Karl Deisseroth and his colleagues developed a method that enables them to monitor the activity of vast numbers of nerve cells in the brain and then characterize the cells of interest in molecular detail.
Novel technology pioneered by Stanford researchers ties brain circuits to alertness
Stanford investigators were able to simultaneously monitor activity in every nerve cell of a zebrafish’s brain and determine which types of neurons were tied to alertness.
Stanford University investigators have for the first time tied several brain circuits to alertness.
The findings enhance scientists’ understanding of the forces driving alertness, a brain state that’s essential to survival, by showing that diverse cell types throughout the brain together produce this state.
Problems tied to alertness deficits range from sleep deprivation to depression to brain-trauma-induced somnolence, while conditions such as anxiety, mania and post-traumatic stress disorder are often characterized by excessive alertness.

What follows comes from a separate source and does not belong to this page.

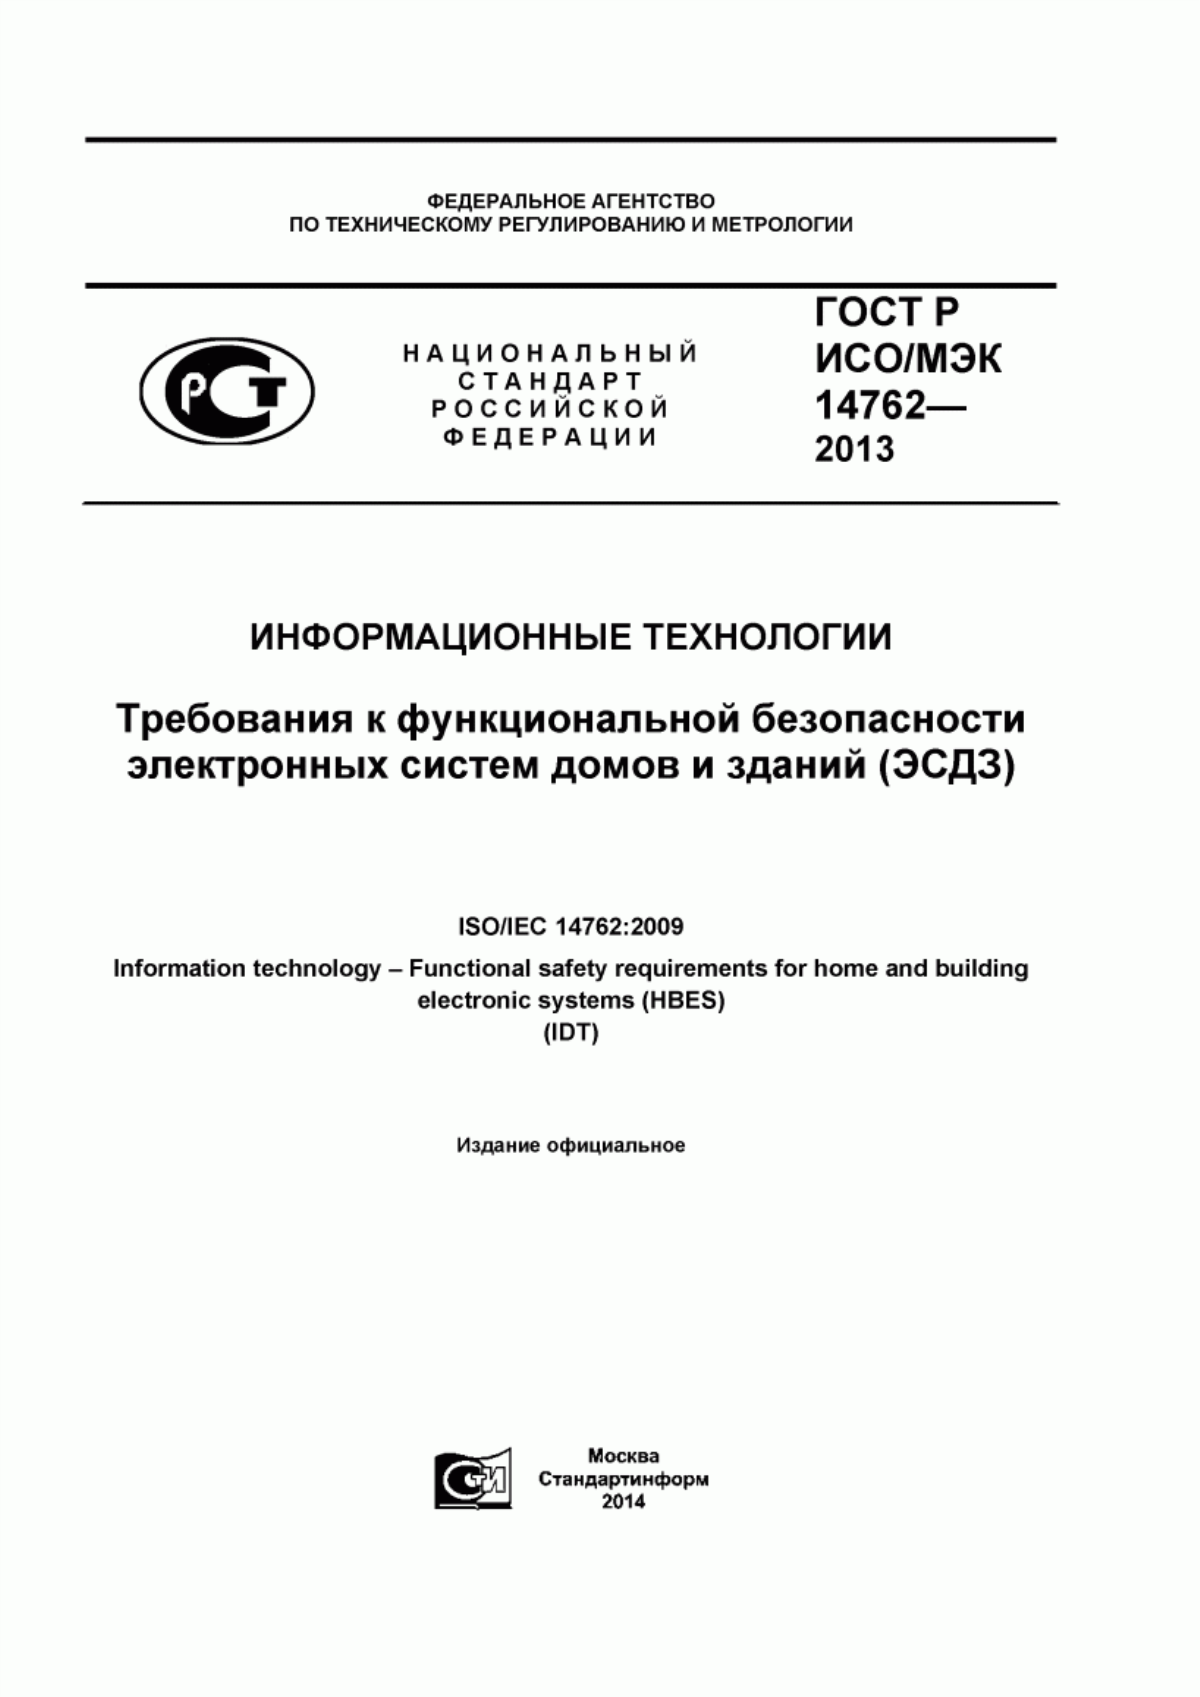 ГОСТ Р ИСО/МЭК 14762-2013 Информационные технологии. Требования к функциональной безопасности электронных систем домов и зданий (ЭСДЗ)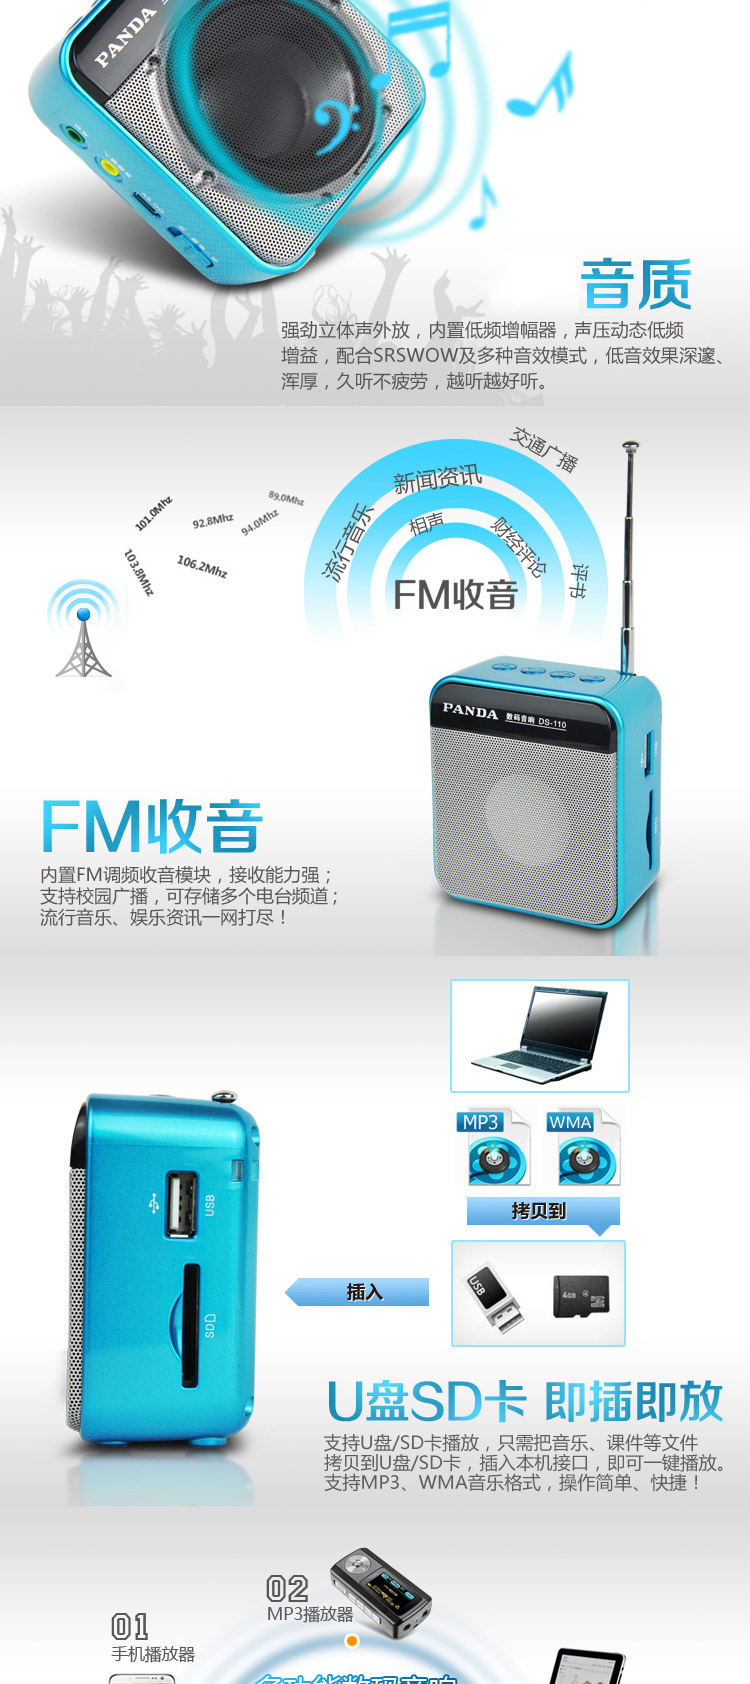 熊猫数码音响播放器DS-110 红 插卡音箱 立体声收音机

The researchers employed a cutting-edge technology that allowed them to monitor vast numbers of nerve cells’ activity in the brain simultaneously and, afterward, to characterize the cells of interest in molecular detail. This new method lets scientists record the activity of any cell type, without needing to produce special, genetically modified animals for each new experiment.
In a study published online Nov. 2 in Cell, Karl Deisseroth, a Howard Hughes Medical Institute Investigator and professor of bioengineering and of psychiatry and behavioral sciences at Stanford, and his colleagues describe how they managed to observe activity in nearly every nerve cell, or neuron, in the brains of larval zebrafish while tracking the creatures’ reaction times in response to a stimulus. (Studies in humans and other animals have shown that reaction times are faster when the subject is more alert). The activity of each neuron was then linked to that neuron’s particular cell type. With this brainwide dragnet, Deisseroth and his associates were able to determine the identities of several distinct neuronal circuits not previously suspected to be associated with alertness.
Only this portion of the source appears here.